Personal information
- Born: 13 October 1999 (age 26) Schiltigheim, Alsace, France
- Height: 152 cm (5 ft 0 in)

Gymnastics career
- Discipline: Women's artistic gymnastics
- Country represented: France (2012-2016 (France))
- Club: Comb la ville
- Gym: INSEP
- Head coach: Veronique Legras Snoeck

= Camille Bahl =

French artistic gymnast

Camille Bahl (born 13 October 1999) is a French artistic gymnast and former gymnast of the French national team. She represented France at the 2014 Summer Youth Olympics and the 2015 European Championships.

== Personal life ==
Camille Bahl was born on 13 October 1999, in Schiltigheim. She began gymnastics at the age of five in Oberhoffen-sur-Moder and was recruited to join the Union Haguenau club. She began training at the INSEP in the summer of 2014. She speaks French, English, and German.

== Career ==
=== Junior career: 2013–2014 ===
Bahl finished 7th in the junior all-around at the 2013 French Championships, and Union Haguenau won the team silver medal. At the 2014 French Championships, she finished 5th in the all-around and won the silver medal on vault behind Loan His, and Union Haguenau finished 4th.

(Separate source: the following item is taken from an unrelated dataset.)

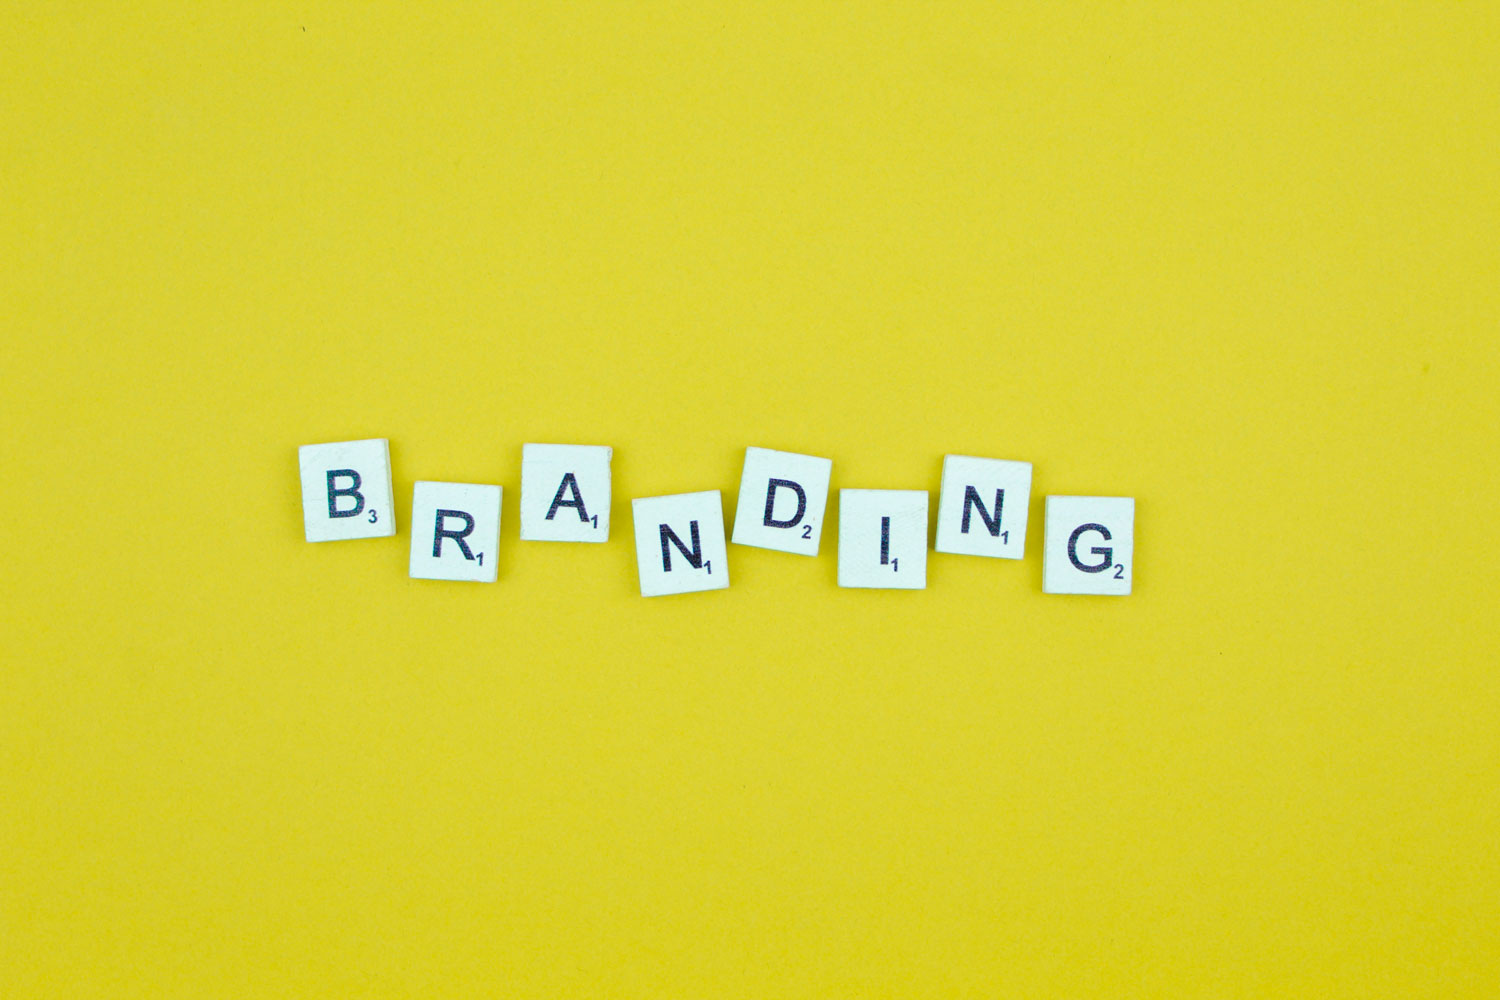 La importancia del branding para una marca

At a friendly meet against Romania and Belgium, the French team finished 3rd, and Bahl finished 6th in the all-around and won the bronze medal on the vault. She competed at the 2014 Junior European Championships alongside Loan His, Marine Boyer, Océane Pause, and Juliette Bossu, and they finished 7th as a team. She was then selected to compete at the 2014 Youth Olympic Games where she finished 8th in the all-around final. Her last competition of the season was the Élite Gym Massilia, where she finished 6th on vault, 8th with her team, and 24th in the all-around.

=== Senior career ===
==== 2015–2016 ====
Bahl made her senior debut at the 2015 French Championships, where she won the gold medal on the vault and finished 4th in the all-around. She competed at the 2015 City of Jesolo Trophy, where the French team finished 4th, and Bahl finished 4th on the vault and 8th on the floor exercise. She competed at the 2015 European Championships where she finished 7th in the vault event final. She competed at a friendly meet where the French team lost to Romania. Then at a friendly meet against Spain, the French team won, and Bahl won the gold medal on vault. She was the alternate for the French team at the 2015 World Championships. She won the bronze medal on vault at the Elite Gym Massilia and finished 4th in the all-around.

Bahl competed at the 2016 City of Jesolo Trophy, where the French team finished 4th. She pulled out of the Olympic Test Event and France's Olympic Trials due to an ankle injury. She continued to struggle with injuries and initially retired in March 2017.

==== Comeback: 2018–present ====
Bahl returned to competition in December 2018 at the Top 12 Series 2, where she only competed on the balance beam and helped Haguenau beat Combs la Ville.

In 2021, after a break, she returned to competition with her new club "Combs la Ville" and has since competed in the Top 12 Championships. At most meets she doesn't compete on bars.